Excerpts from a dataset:
++++++++++++++++++++

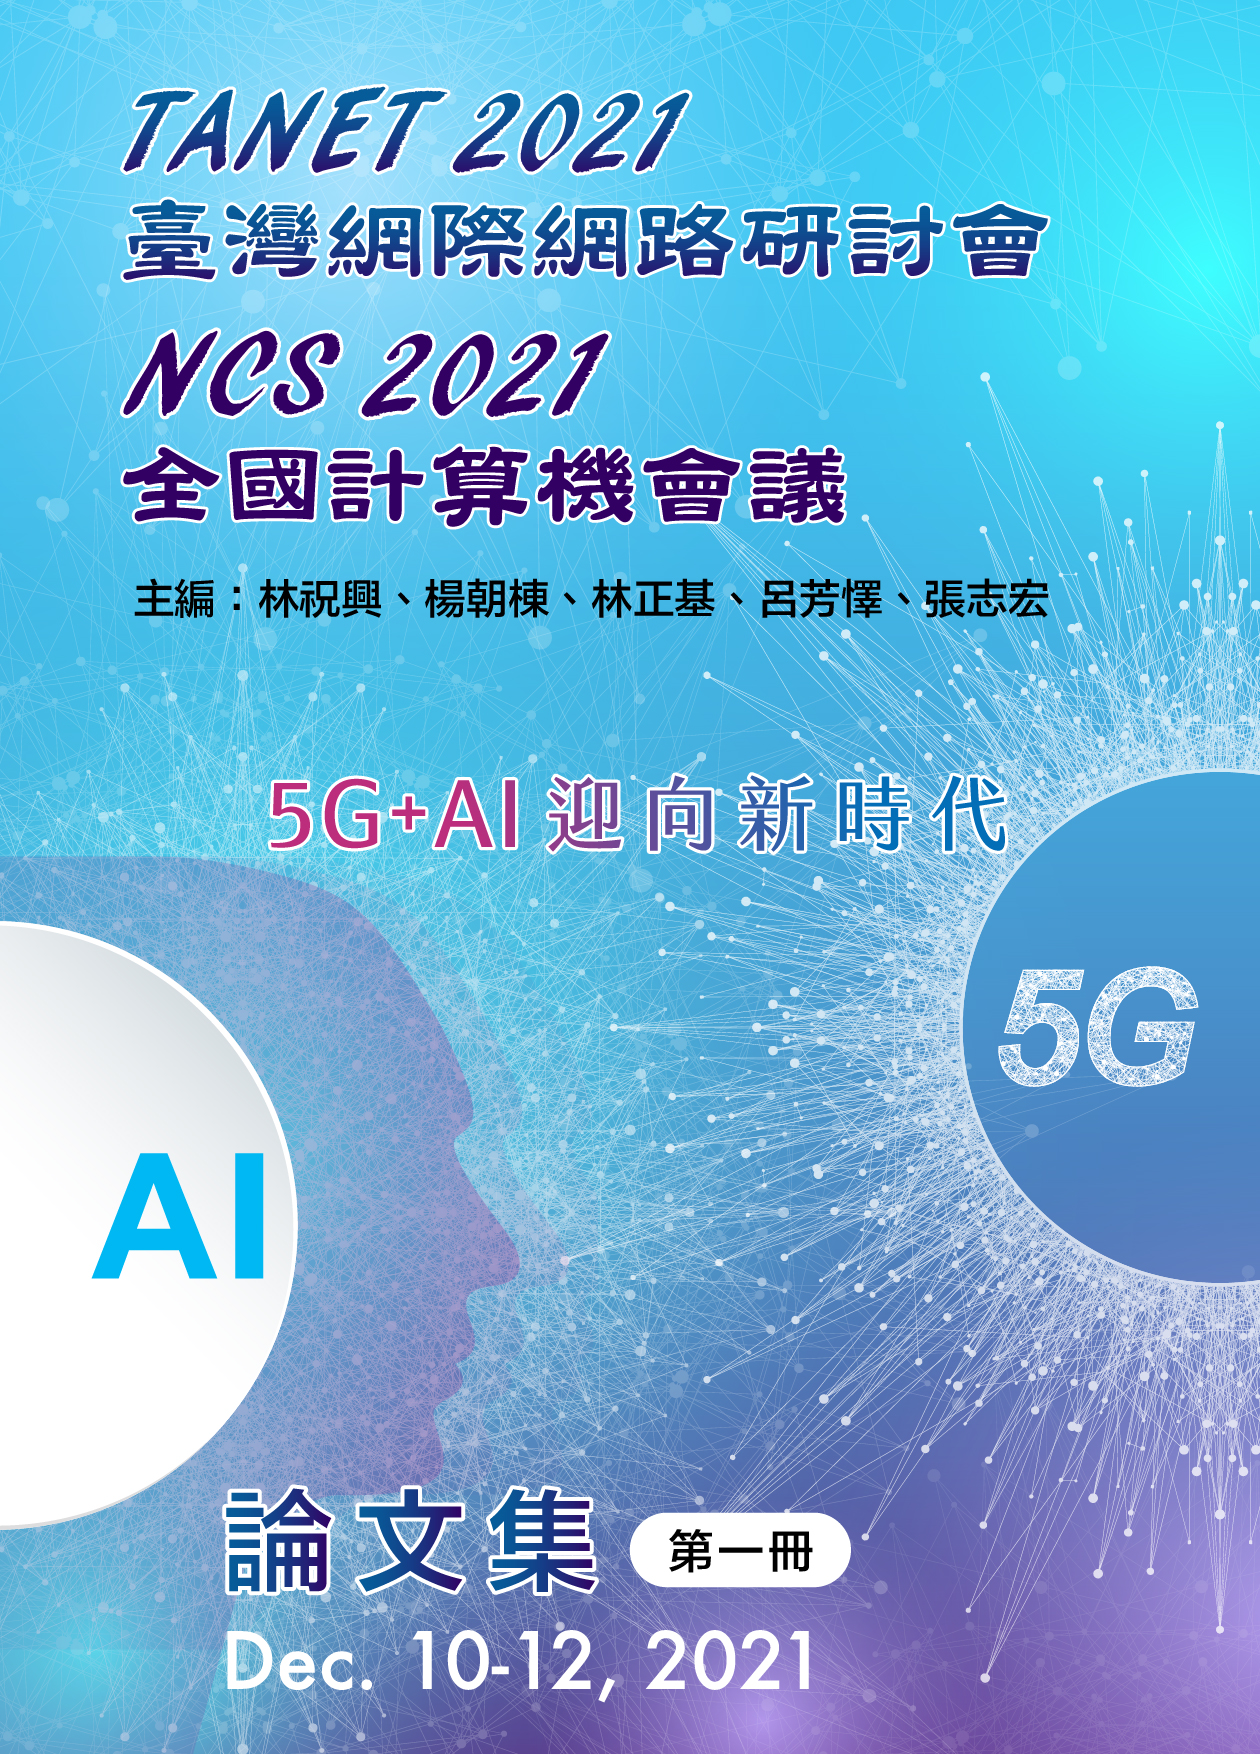 TANET 2021 臺灣網際網路研討會 NCS 2021全國計算機會議論文集
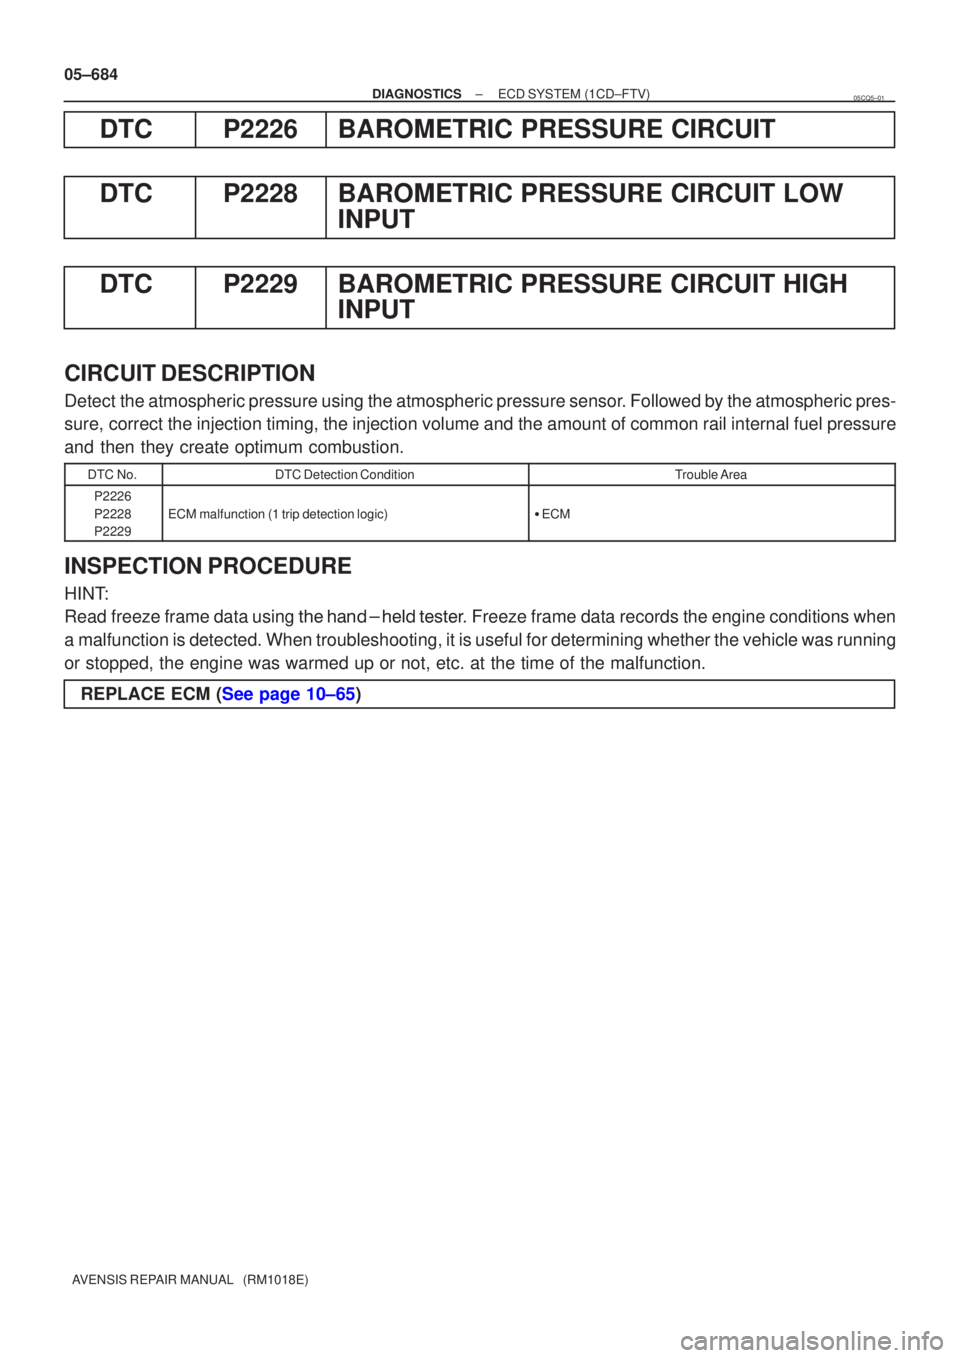 TOYOTA AVENSIS 2005  Service Repair Manual 05±684
±
DIAGNOSTICS ECD SYSTEM(1CD±FTV)
AVENSIS REPAIR MANUAL   (RM1018E)
DTCP2226BAROMETRIC PRESSURE CIRCUIT
DTCP2228BAROMETRIC PRESSURE CIRCUIT LOW INPUT
DTCP2229BAROMETRIC PRESSURE CIRCUIT HIGH
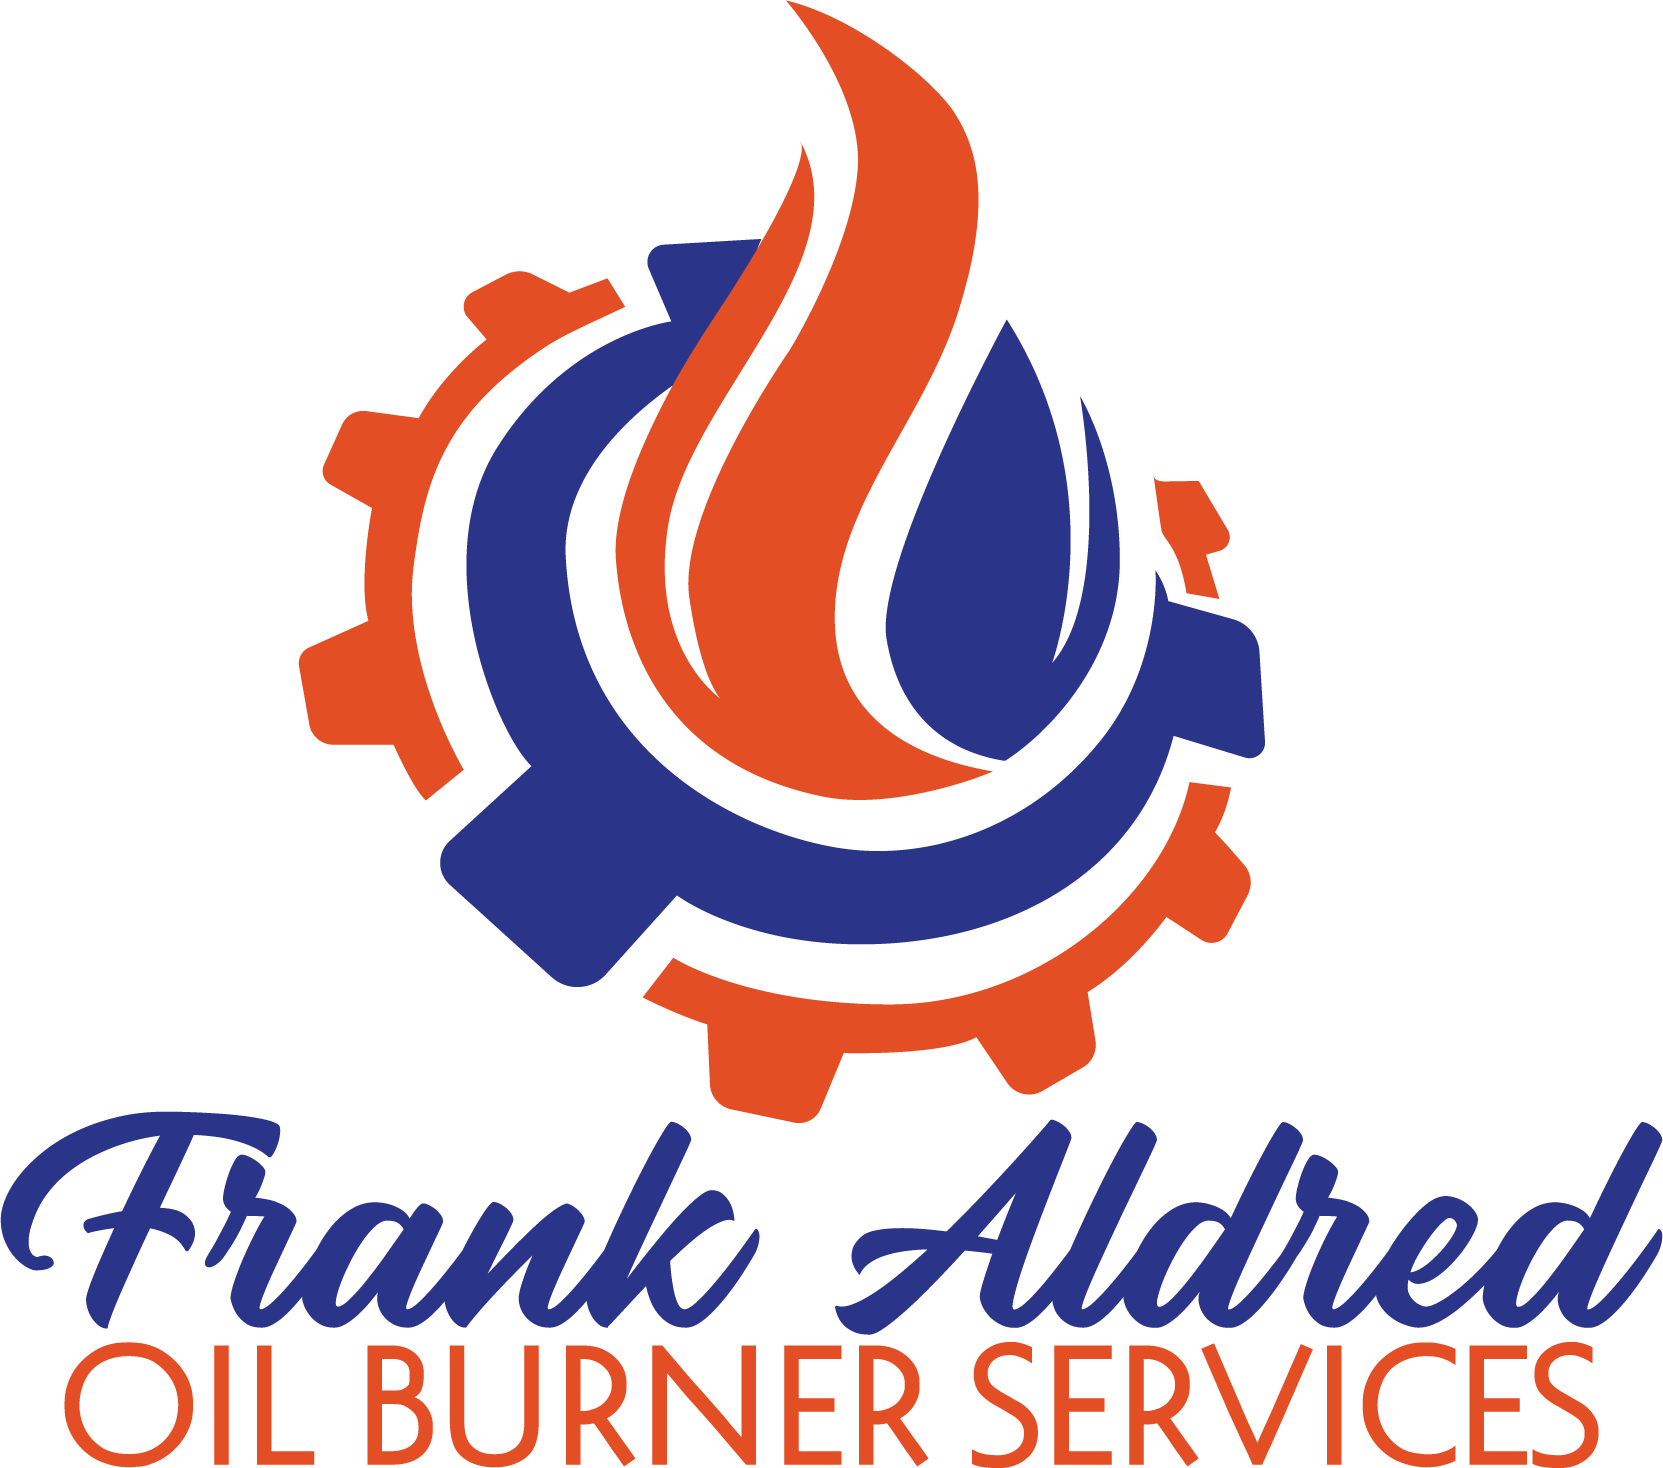 Frank Aldred Oil Burner Services Logo
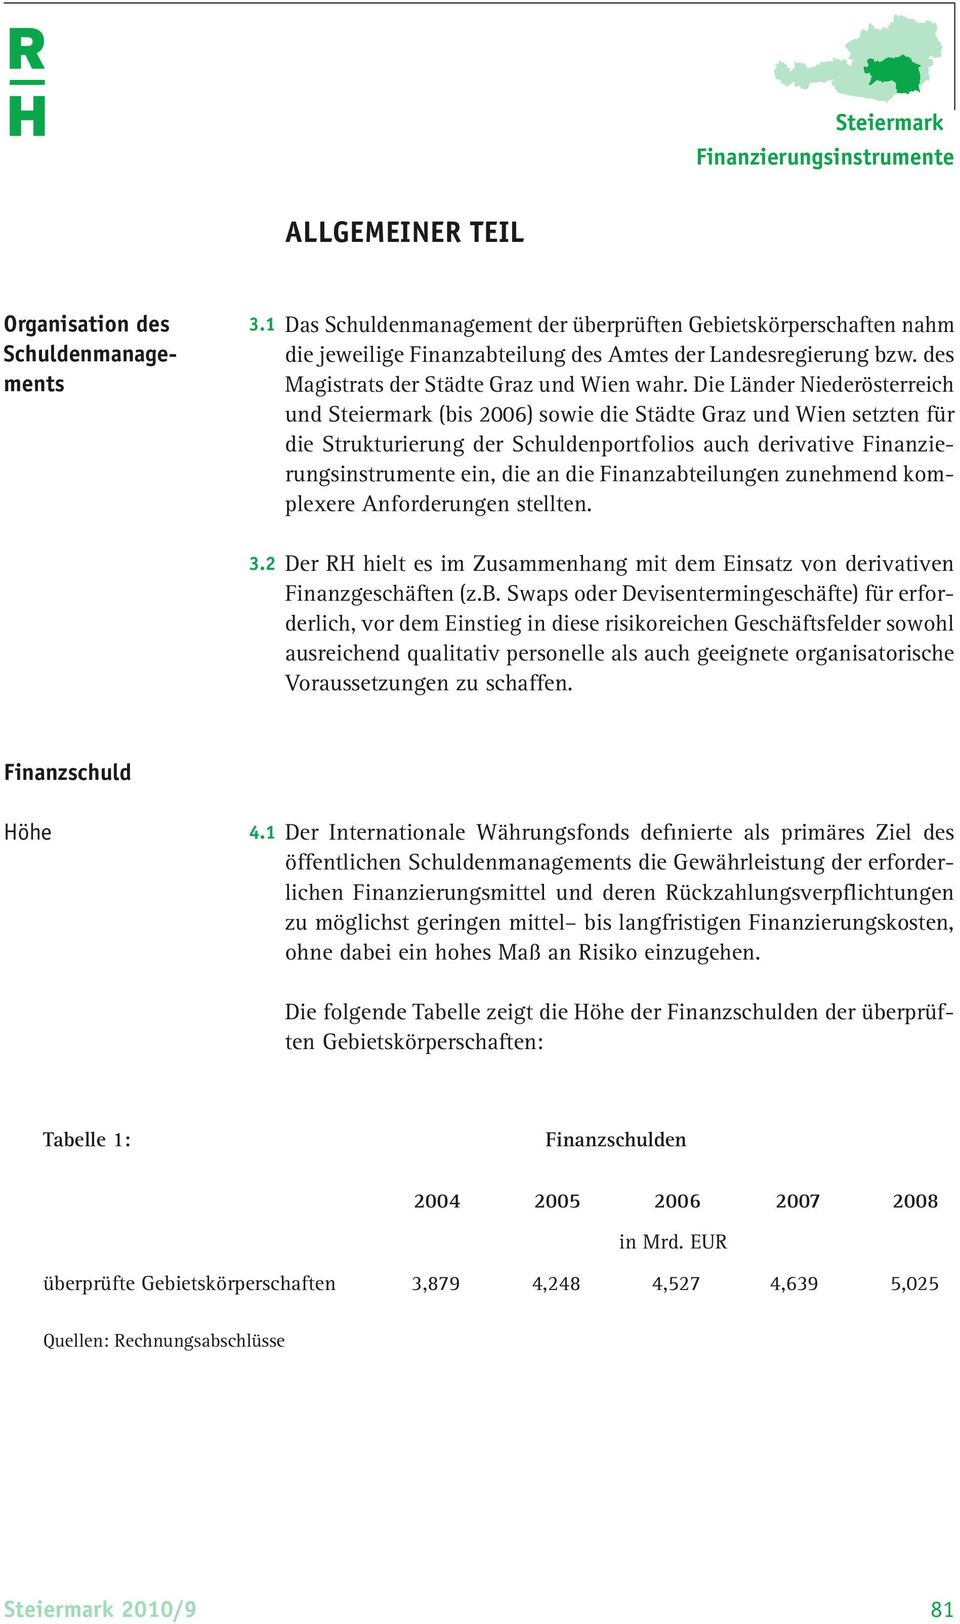 Die Länder Nieder österreich und Steiermark (bis 2006) sowie die Städte Graz und Wien setzten für die Strukturierung der Schuldenportfolios auch derivative Finanzierungsinstrumente ein, die an die

++++++++++++++++++++

Task to complete = From the line containing "DTCP2229BAROMETRIC PRESSURE CIRCUIT HIGH" through the last line of the records above, reproduce every line exactly, leaving out the pictures.

Task result =
DTCP2229BAROMETRIC PRESSURE CIRCUIT HIGH
 Frank Aldred Oil Burner Services Logo
 Die Länder Nieder österreich und Steiermark (bis 2006) sowie die Städte Graz und Wien setzten für die Strukturierung der Schuldenportfolios auch derivative Finanzierungsinstrumente ein, die an die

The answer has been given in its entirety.